When researchers injected mice with the Gram-negative bacterium E. coli in one thigh and harmless dead bacteria in the other thigh, both injections produced inflammation. However, only the cluster of live E. coli attracted the radio tracer and lit up the screen -- a critical feature that let the researchers distinguish the actual bacterial infection from noninfectious inflammation. When the researchers injected one thigh with Gram-negative E. coli and the other thigh with the Gram-positive bacterium Staphyloccocus aureus, the radio tracer lit up only the thigh infected by the Gram-negative organism. In other words, the sorbitol-containing tracer differentiated between bacterial and sterile inflammation, as well as between infections caused by different classes of bacteria. Next, the researchers compared how their modified tracer fared in distinguishing brain inflammation caused by E. coli from cancer-induced brain inflammation. The tracer reliably and predictably lit up E. coli hot spots in the brain but not brain tumor cells.
When serious drug-resistant infections are suspected, the researchers explain, patients are routinely given broad-spectrum antibiotics while waiting -- often for days -- for lab tests to determine the specific organism responsible for the infection and which drugs should be used. Broad-spectrum antibiotics treat many bacteria at once, but their frequent and indiscriminate use has fueled drug resistance in recent years, making many pathogens impervious to common antibiotics.
"Using broad-spectrum antibiotics is not unlike firing a cannonball to kill a fly," says study co-author Alvaro Ordonez, M.D., a fellow in pediatric infectious diseases at the Johns Hopkins University School of Medicine. "While such treatment is clinically justified in patients with serious infections of unknown origin, it promotes bacterial resistance, so the long-term price that both patients and clinicians pay is rather steep."
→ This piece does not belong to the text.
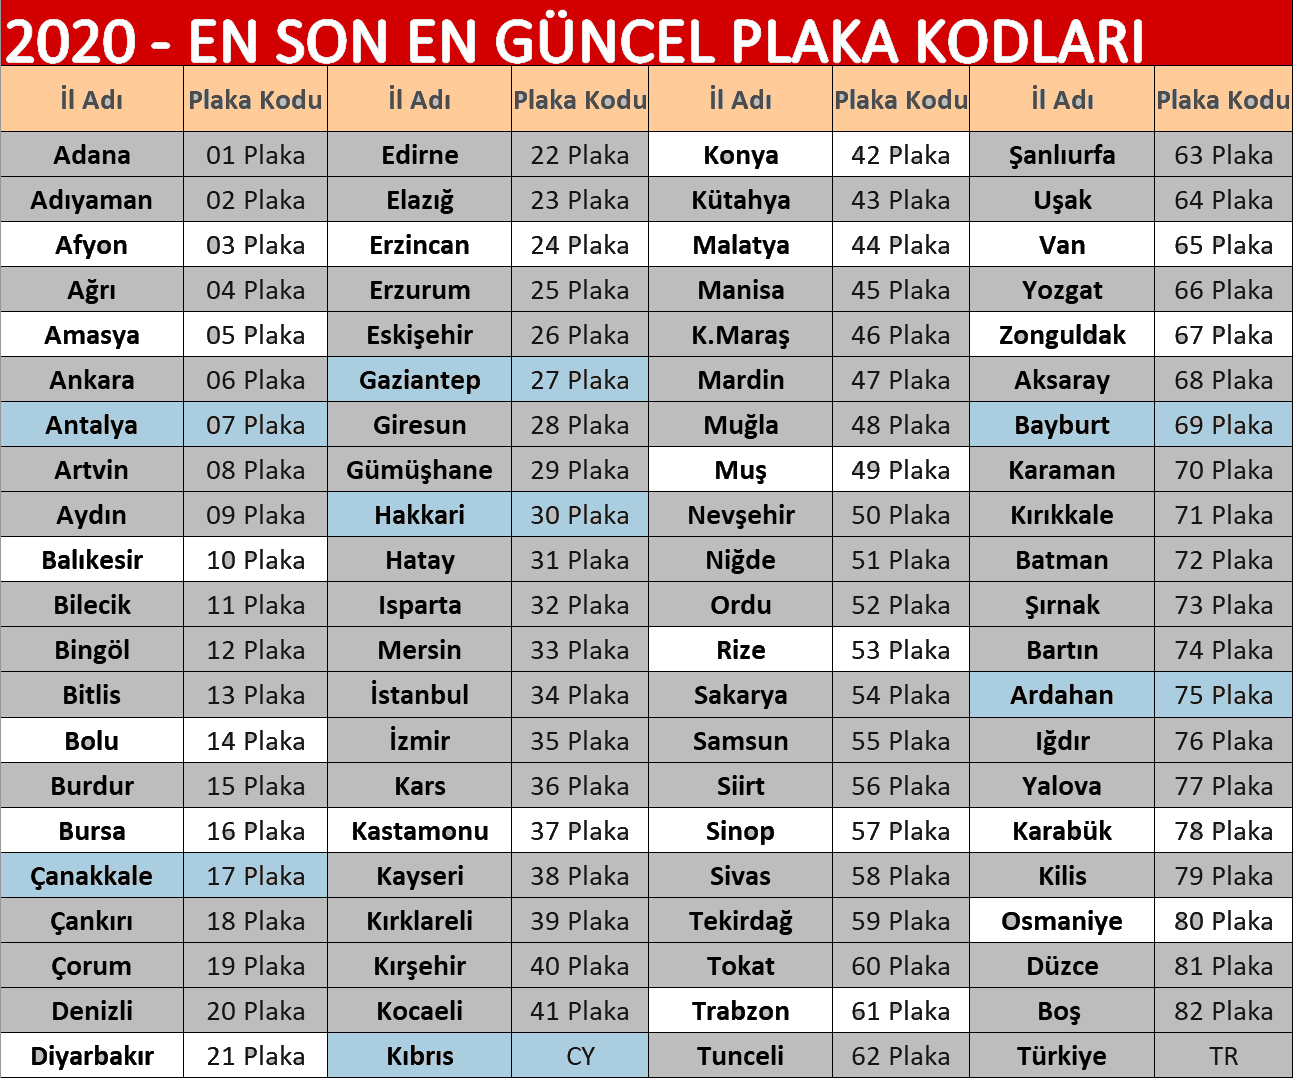 Türkiye illeri plaka numaraları listesi

Knowing quickly which organism is causing a patient's infection and which antibiotic can kill the bacteria could seriously lower that cost, Ordonez adds. This is where the new imaging system could play a critical role. In a separate set of experiments, the investigators showed that their imaging system rapidly captured how bacteria respond to drug treatment in real time. Targeted with the right antibiotic, the dying bacteria produced a visibly and progressively weaker image. By contrast, when bacteria failed to respond to an antibiotic, the strength of the signal remained as intense as ever, heralding treatment failure. Receiving such rapid feedback within hours instead of days could have profound effects on treatment decisions.
"Earlier identification of bacterial drug sensitivity could not only get patients on the mend sooner by giving them the right antibiotic, but in the long run it could save the U.S. health care system billions of dollars in unnecessary drug treatment," Jain says.